И это было все. Они взялись за руки, переменившись в лице, не говоря ни слова, побежденные любовью, более величественной, чем их любовь, -- они готовились войти в жилище их единой души и их соединившихся теней. Их ужасающее счастье не стремилось более вкусить скорбь, но приготовилось внимать крику истерзанной и покинутой красоты. Облупившиеся стены и своды; пострадавшие полотна; столы и сиденья с расшатанными позолоченными ножками; разорванные драпировки рядом с облупившейся штукатуркой и выскочившими кирпичами; огромные пышные кровати, отражавшиеся в тусклых зеркалах; антресоли, поддерживаемые на подпорках; запах трухи вместе с запахом свежей известки; и в просвете окна две красные башни, выделявшиеся на фоне изба, и ворвавшееся щебетание воробьев, и крики уличных бродяг, а в просвете другого -- безлюдная улица, церковь без молящихся; тут висячая люстра с хрустальными шариками и косой луч солнца на паркете; там другая люстра и другой луч, и то, что светило, казалось печальнее, чем то, что погасло; и целый ряд других люстр, испорченных, оборванных, похожих на хрупкие скелеты. О, безнадежность, безнадежность, лишенная красоты! Что мы станем делать со своей душой?
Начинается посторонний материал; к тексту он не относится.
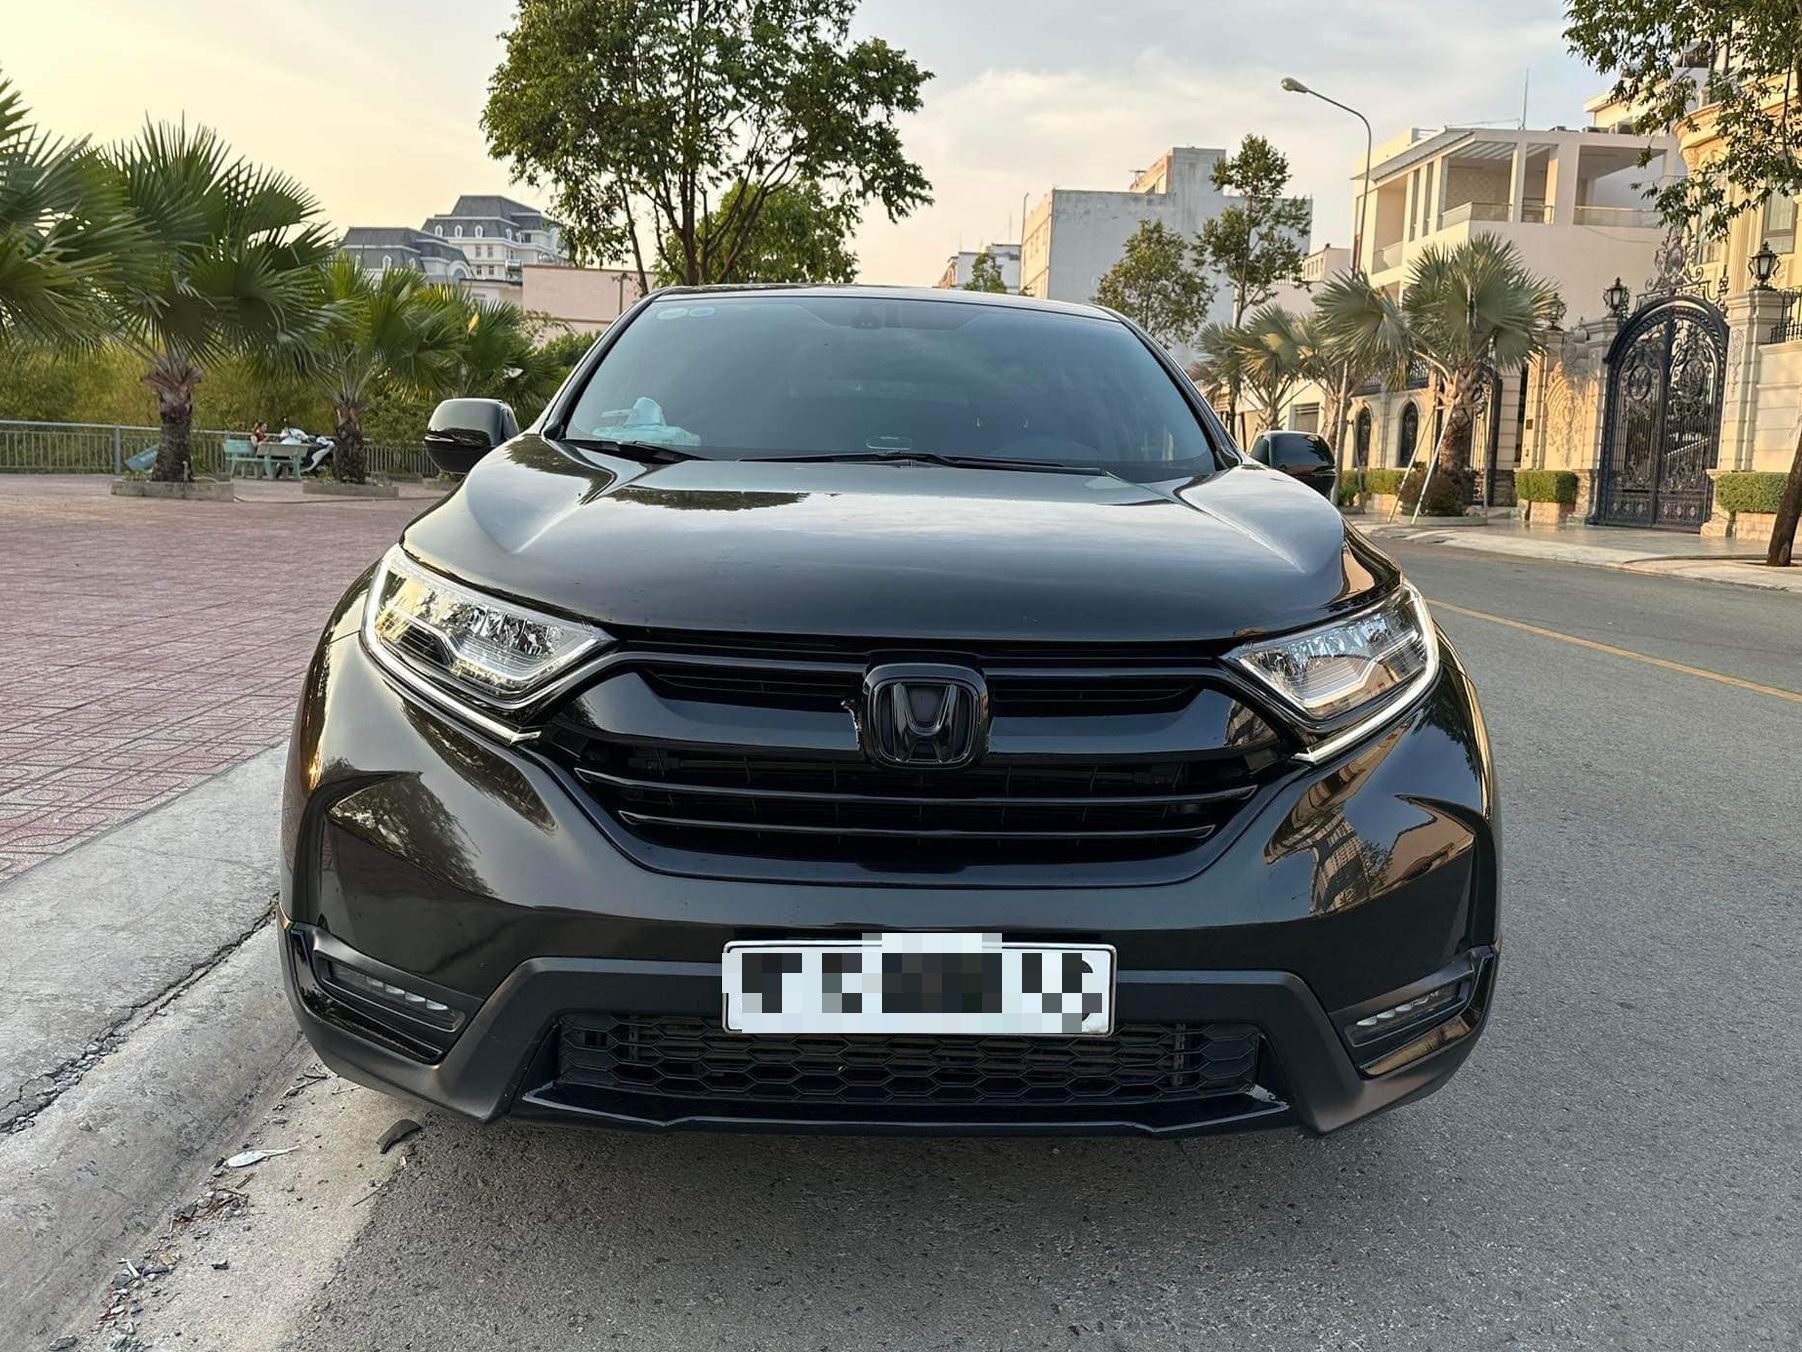 Honda CRV 2018 cũ thét giá hơn 12 tỷ đồng tại Hà Nội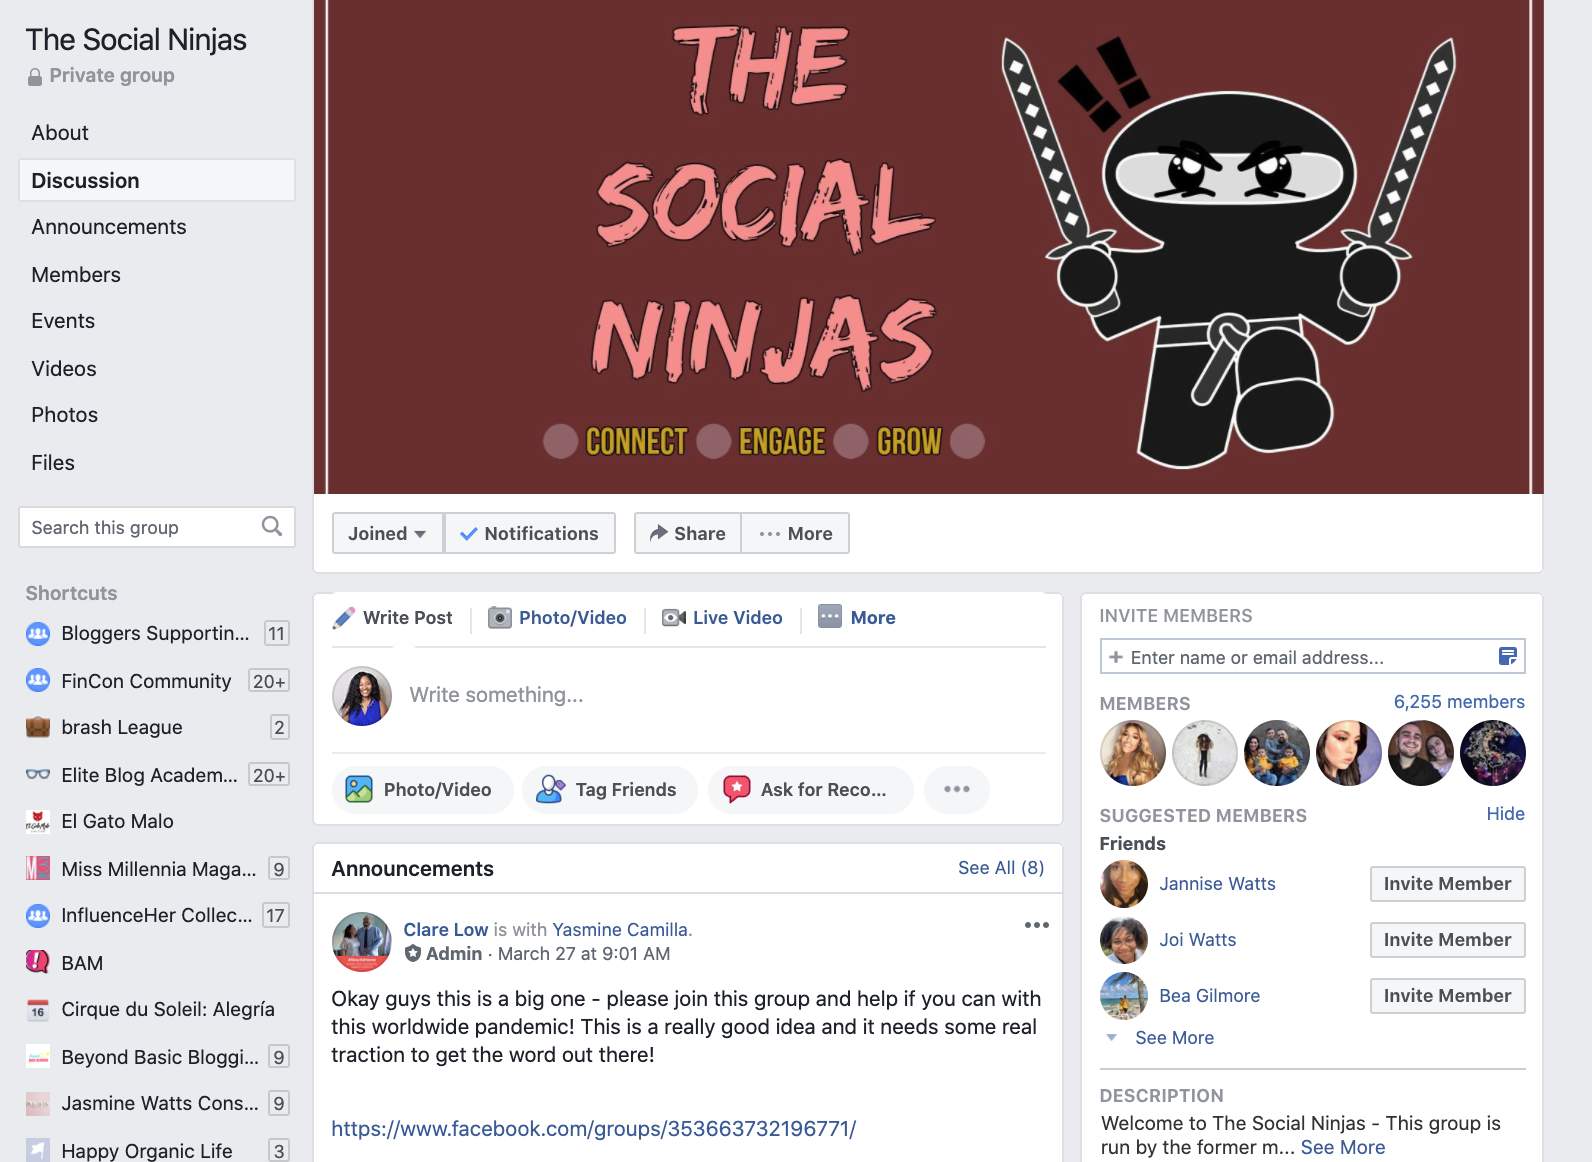 The Social Ninjas

-- Сядь! -- воскликнула посетительница, увлекая своего спутника к окну через одну из зал, украшенную образами Рек.
И оба прильнули к окну. Стояли, не разнимая рук, прислушиваясь как будто к неясным волнам музыки.
То был висячий сад, окруженный портиком с двойными колонками; они спокойно стояли парами, и так как колонки стояли близко друг от друга, то тени каждый пары неизменно сливались вместе. Там росли вперемешку самые различные растения, большие и малые кусты росли в одной куче; но вся эта зелень стоила внимания только тогда, когда на ней сидела в страстном томлении какая-нибудь белая роза.
Когда Паоло настолько приблизил свое лицо к ее обожаемому лицу, что их дыхание смешалось, она отодвинулась, обернулась и поглядела позади себя. Затем заметила тихим голосом, ослабевшими устами:
-- Нет, там есть другой, более красивый.
Ей казалось, будто она слышит небесную музыкальную прелюдию, которая спустя короткий срок должна была прорваться бурным потоком.
Переступили через один порог; и над их головами оказался темный ночной небесный свод, на котором сверкали знаки зодиака, отражаясь в стоячей воде зеркал. В окно врывался острый, мощный запах магнолии -- то было опьянение созвездий.
-- Другой сад?
То был жалкий, заброшенный дворик И снова показались в пышных пустых залах бледные хрустальные люстры; и снова показались бессонные ложа; краснели и чернели на стенах длинных галерей старые полотна, похожие на бычачьи кожи, натянутые и подвешенные дубильщиками; и с обваливающихся черепичных крыш доносилось щебетание воробьев, пролетающих мимо разрушающихся архитектурных украшений; повсюду была безнадежность, лишенная красоты.
-- Вана! Альдо и Вана!
От испуга крик Изабеллы вышел подавленным. Она видела, как к ним навстречу среди безмолвия комнаты, занятой тенью постели, мрачной, как гроб, шли две фигуры, не говоря ни слова и пристально глядя вперед, как те, что со дна своей жизни поднимаются навстречу горькой судьбе.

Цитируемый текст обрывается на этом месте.